Archbishop of York attacks high-paid executives

Dr John Sentamu has attacked the salaries of top executives saying that huge differences between the rich and poor “weaken community life and make societies less cohesive”.

Archbishop Sentamu  said that excesses in the financial sector have helped to create huge inequalities in wealth, “demonstrating how scandalously unfair our society is”.

Writing in the Yorkshire Post, Dr Sentamu called for a change in public attitudes towards excessive personal wealth as profound and rapid as moves against racism, homophobia and sex discrimination in recent decades.

He said: “If they [FTSE 100 chief executives] have a responsibility to their staff, it is hard to imagine a more powerful way of telling someone that they are of little value than to pay them one-third of one per cent of your salary."

“Top pay has been found to bear little or no relation to company performance, but even if it did, isn’t the performance of a company dependent on the work and well-being of all its staff? Among the ill-effects of very large income differences between rich and poor are that they weaken community life and make societies less cohesive.”

The archbishop said: “But over last few decades the gains from economic growth have gone disproportionately to those who already have the most.”

Dr Sentamu called for a change of ethics regarding excessively high incomes and the accumulation of private wealth.

He said he had two suggestions.

The first was that “Queen’s honours” should not be given “to those who have already rewarded themselves handsomely”.

He said: “To have to choose between two coveted sources of honour and prestige would be salutary.”

The archbishop’s second suggestion was to crack down on tax avoidance, including a proposal to put a tick-box on tax forms to allow contributions to be made public.

He said: “Not to tick the box would suggest that you felt you had something to hide.

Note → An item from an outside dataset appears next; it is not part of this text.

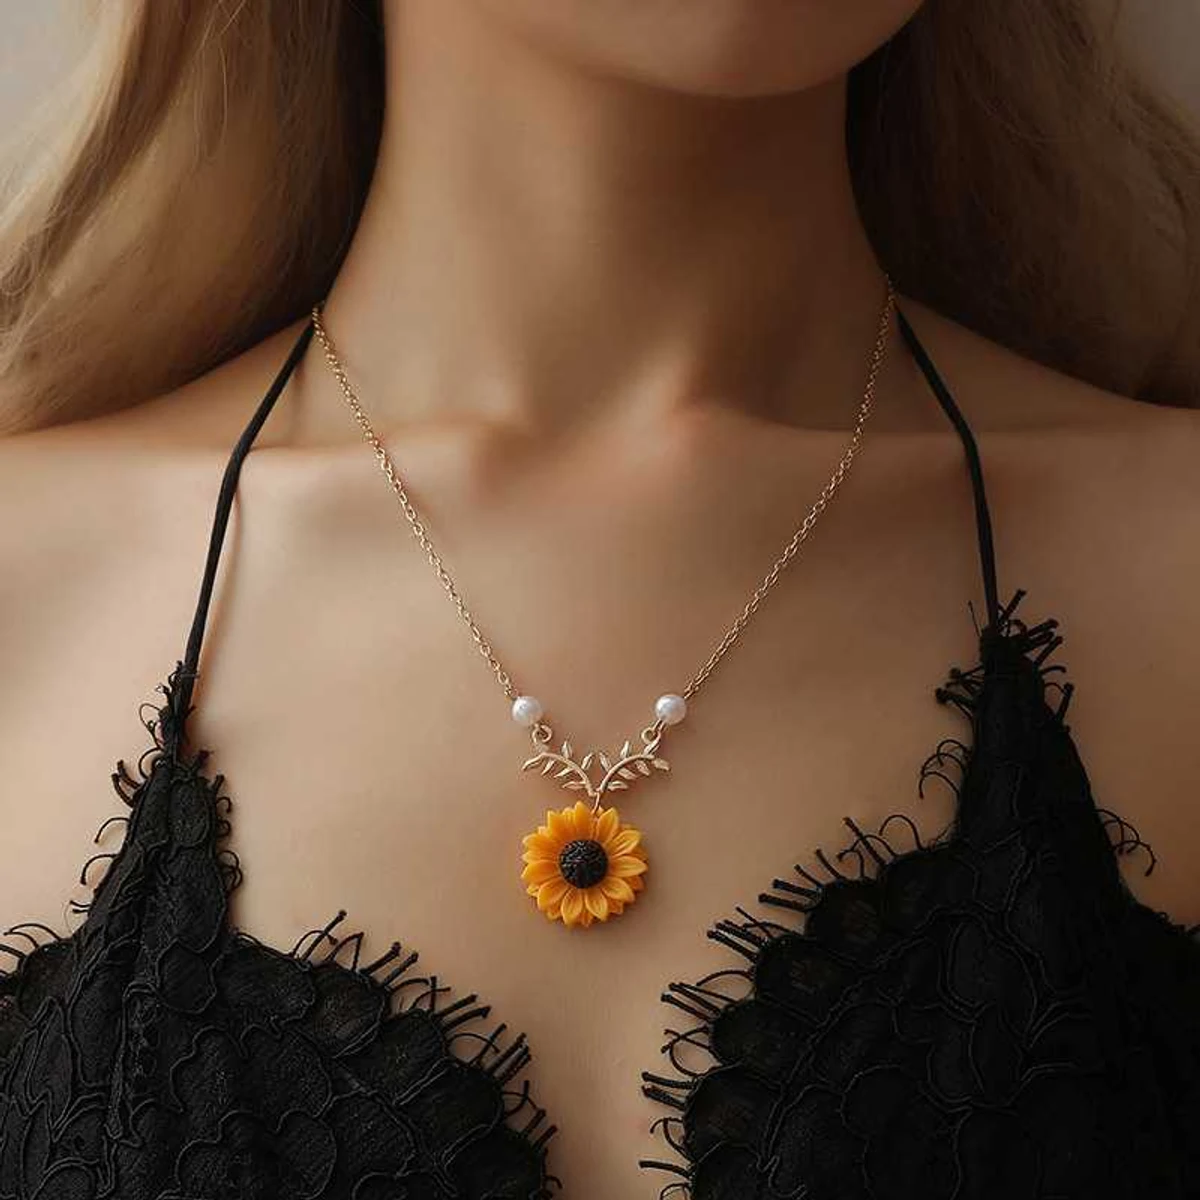 Sunflower Stylish New Necklace For Girl/Women

Given the Government’s attempts to reduce the public spending deficit, each thousand pounds of tax avoided presumably means an additional thousand pounds ofcuts to public services on which the least well-off are particularly dependent.”

Dr Sentamu made no mention of the ongoing anti-capitalist demonstration outside St Paul’s 
Cathedral in his article.

The Archbishop of Canterbury, Dr Rowan Williams, has expressed sympathy with demonstrators by supporting a “Robin Hood tax” on the banks.